The culture around us is obsessed with instant results, endless scrolling, and technologies promising effortless living.

Why build slow?

Why build sacred?

Why still believe?

Because in spite of everything —

I do believe.

I believe we are hungrier for meaning than we are willing to admit.

I believe sacred art isn’t nostalgic or obsolete — it’s necessity.

I believe beauty, structure, patience, grief, wonder — these are not luxuries.

They are survival skills for the soul.

And I believe now, more than ever, we need to remember what sacred artistry can offer — to individuals, and to cultures.

The Culture of Emptiness

Our society is built to move faster than we can think.

It rewards immediacy.

It glorifies novelty.

It treats creativity as a product pipeline, not a sacred offering.

In this world:

  • We consume faster than we contemplate.

  • We scroll faster than we sit with emotion.

  • We perform faster than we pray.

The arts have not escaped this.

In too many spaces, music, storytelling, design — all of it has been flattened into mere entertainment or branding.

We have trained ourselves to expect art to be instant, easy, and useful.

But sacred art has never been about ease.

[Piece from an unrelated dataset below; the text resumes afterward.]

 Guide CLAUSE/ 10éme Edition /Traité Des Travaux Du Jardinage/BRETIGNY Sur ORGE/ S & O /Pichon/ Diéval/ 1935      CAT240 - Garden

It has always been about endurance.

It asks for patience.

It demands presence.

Without sacred art, something vital collapses inside us:

  • Grief goes unnamed.

  • Wonder goes unnoticed.

  • Memory fades without ritual.

  • Longing festers without form.

What Sacred Art Restores

Sacred art calls us back to wholeness.

It teaches us:

  • To dwell, not just move.

  • To listen, not just consume.

  • To offer, not just take.

Sacred art creates spaces where:

  • Grief, joy, and longing are honored.

  • Wonder is witnessed.

  • Meaning is planted and harvested with care.

It’s not about elitism or nostalgia for old forms.

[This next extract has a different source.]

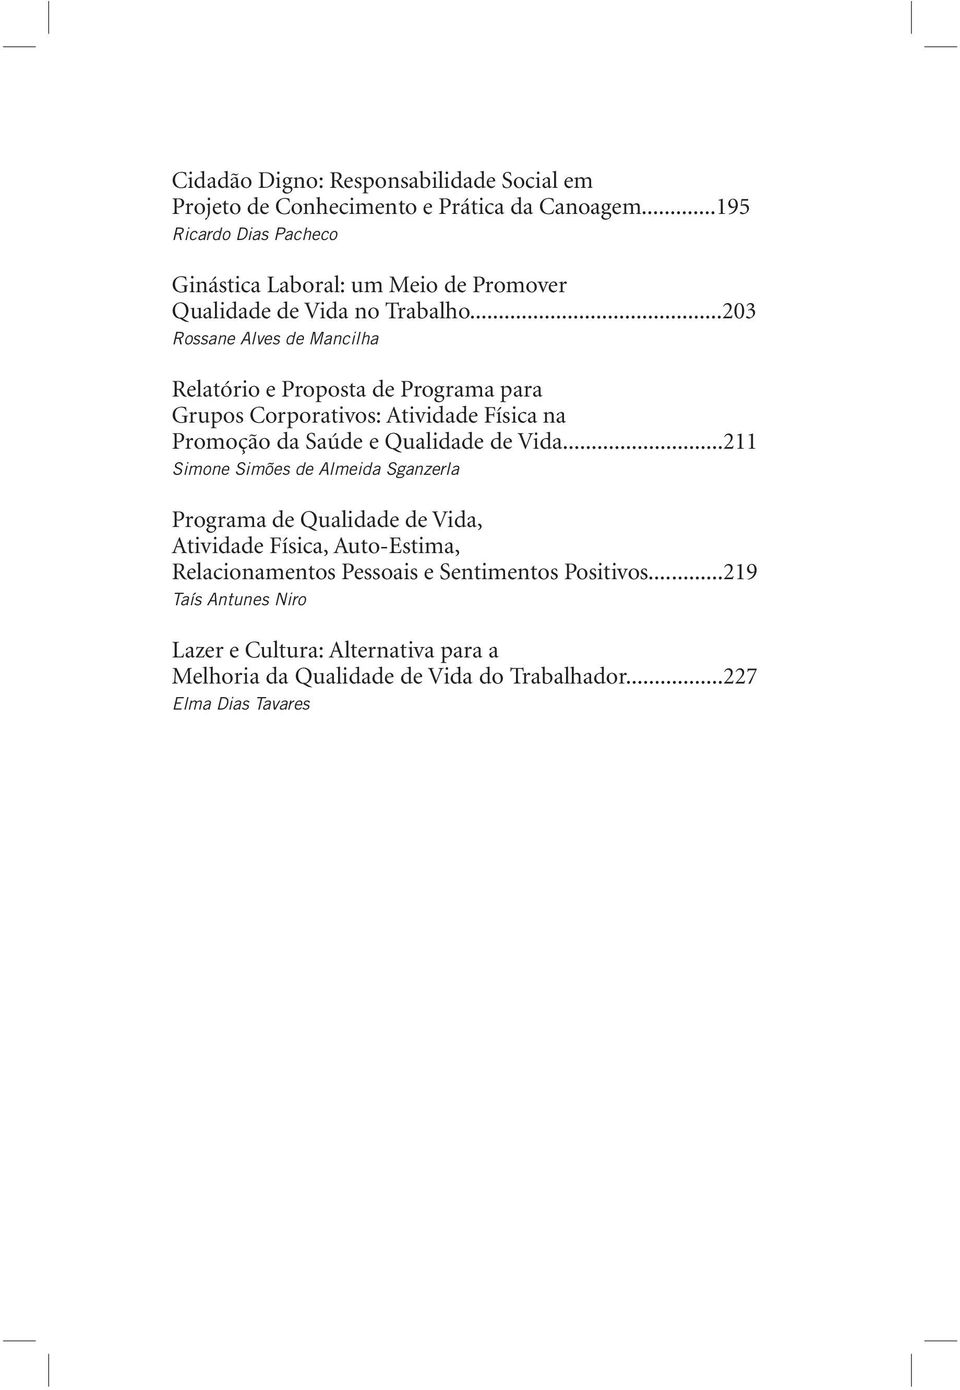 ..203 Rossane Alves de Mancilha Relatório e Proposta de Programa para Grupos Corporativos: Atividade Física na Promoção da Saúde e Qualidade de Vida.

It’s about recovering the human act of reverence —

the slow act of saying this matters enough to shape with care.

Sacred art isn’t a retreat from the world.

It’s a way of staying in the world without letting the world hollow you out.

Why HXHM Exists

HXHM was never meant to be a brand chasing trends.

It was meant to be a sanctuary for sacred art making.

Every branch —

  • Hallowed Minstrel Publishing,

  • Pedalpoint Recordings,

  • Emerge Conservatory,

  • Composer’s Study,

  • Bit & Baton Apparel,

  • Ossia Philharmonic —

they are all scaffolding for one sacred truth:

Art can still be a covenant.

Music can still carry theological weight.

Teaching can still be formation, not just transaction.

Design can still carry symbolic memory.

Performance can still be offering, not spectacle.

HXHM exists because I believe sacredness can still breathe — even now, especially now.

Sacred Art Is For Everyone

Sacred art isn’t just for the highly trained or the highly privileged.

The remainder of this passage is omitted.